愛媛県松山市にある子規記念博物館(写真:Higashi2017/PIXTA)
俳人・歌人として知られる「正岡子規」は好き嫌いが激しい人でしたが、一時は共同生活をするほど親しく付き合っていたのが「夏目漱石」でした。2人はどういう関係だったのか。東洋経済オンラインで『なぜ天下人になれた?「人間・徳川家康」の実像』を連載中の真山知幸氏が解説します。
※本稿は真山氏の新著『文豪が愛した文豪』から一部抜粋・再構成したものです。
真面目で成績優秀の夏目漱石とは対照的
「病床六尺、これが我世界である。しかもこの六尺の病床が余には広過ぎるのである」(正岡子規『病牀六尺』)

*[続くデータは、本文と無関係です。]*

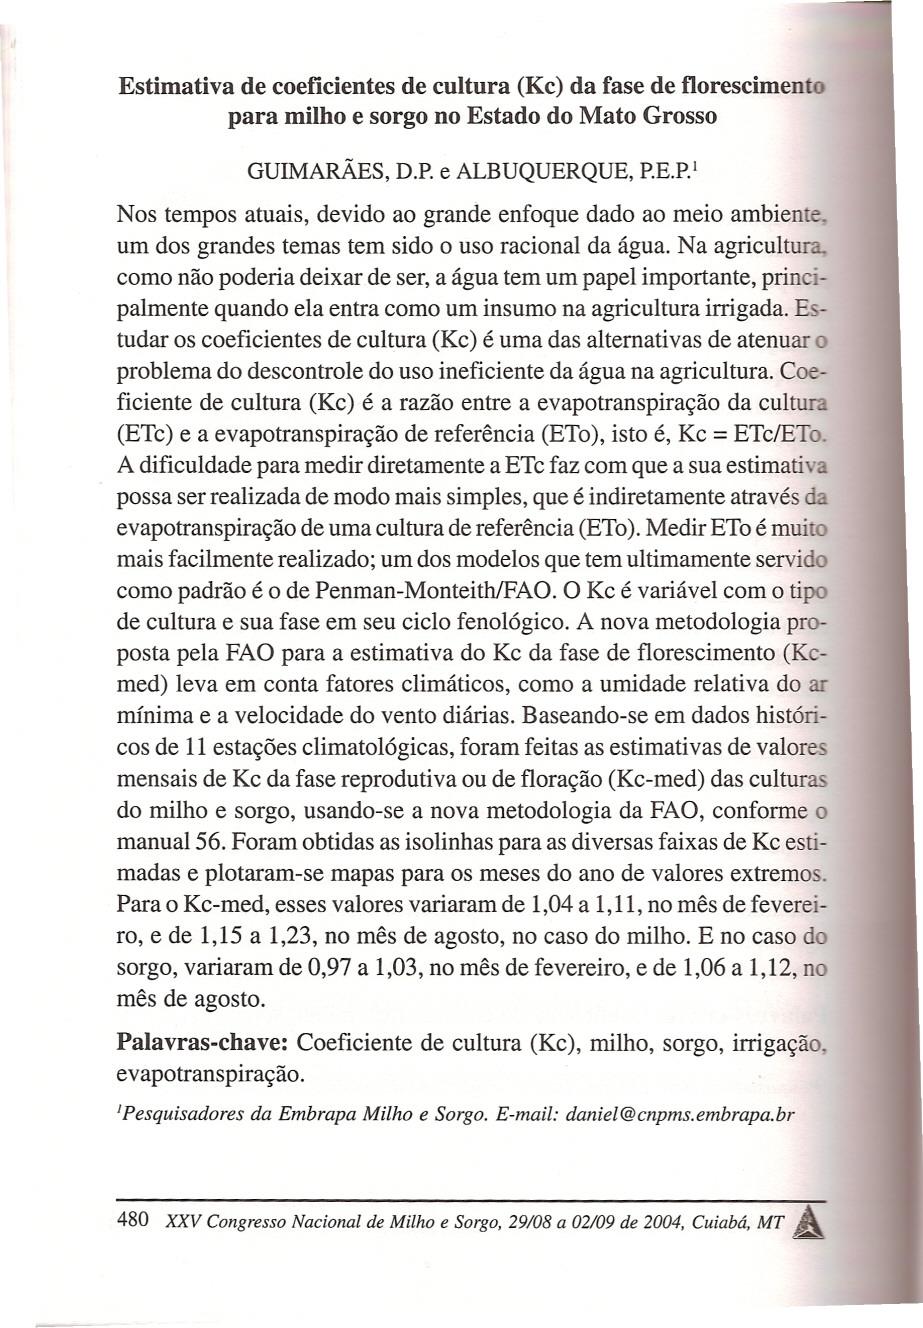 Estimativa de coeficientes de cultura (Kc) da fase de f1orescimento para milho e sorgo no Estado do Mato Grosso - 1 GUIMARAES, D.P. e ALBUQUERQUE, P.E.P. Nos tempos atuais, devido ao grande enfoque dado ao meio ambiente.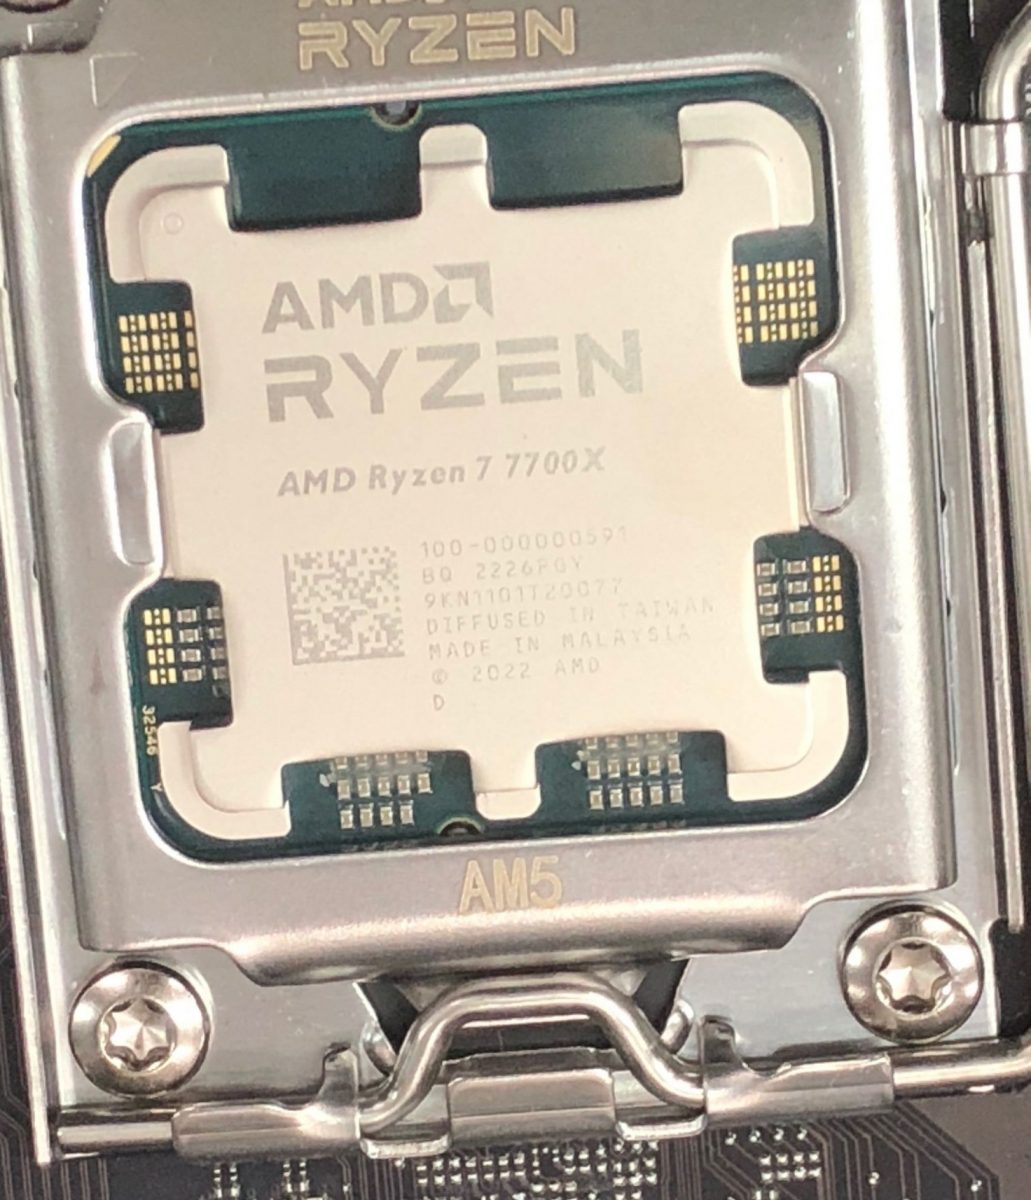 AMD Ryzen 7 7700X vs Intel Core i7-6700K vs AMD Ryzen 9 7900

不治の病とされた骨の結核「脊椎カリエス」を患った正岡子規。6尺、つまり、約1.8メートル四方の自室すらも広大に感じるほど、身動きするたびに激痛に襲われた。
壮絶な闘病生活を送った子規だが、病に倒れる前には周囲を圧倒するほど、精力的に活動していた。中学時代から漢詩に傾倒しつつ、自由民権運動の演説にも熱中。自らも学校の講堂で演説を行うアクティブさだ。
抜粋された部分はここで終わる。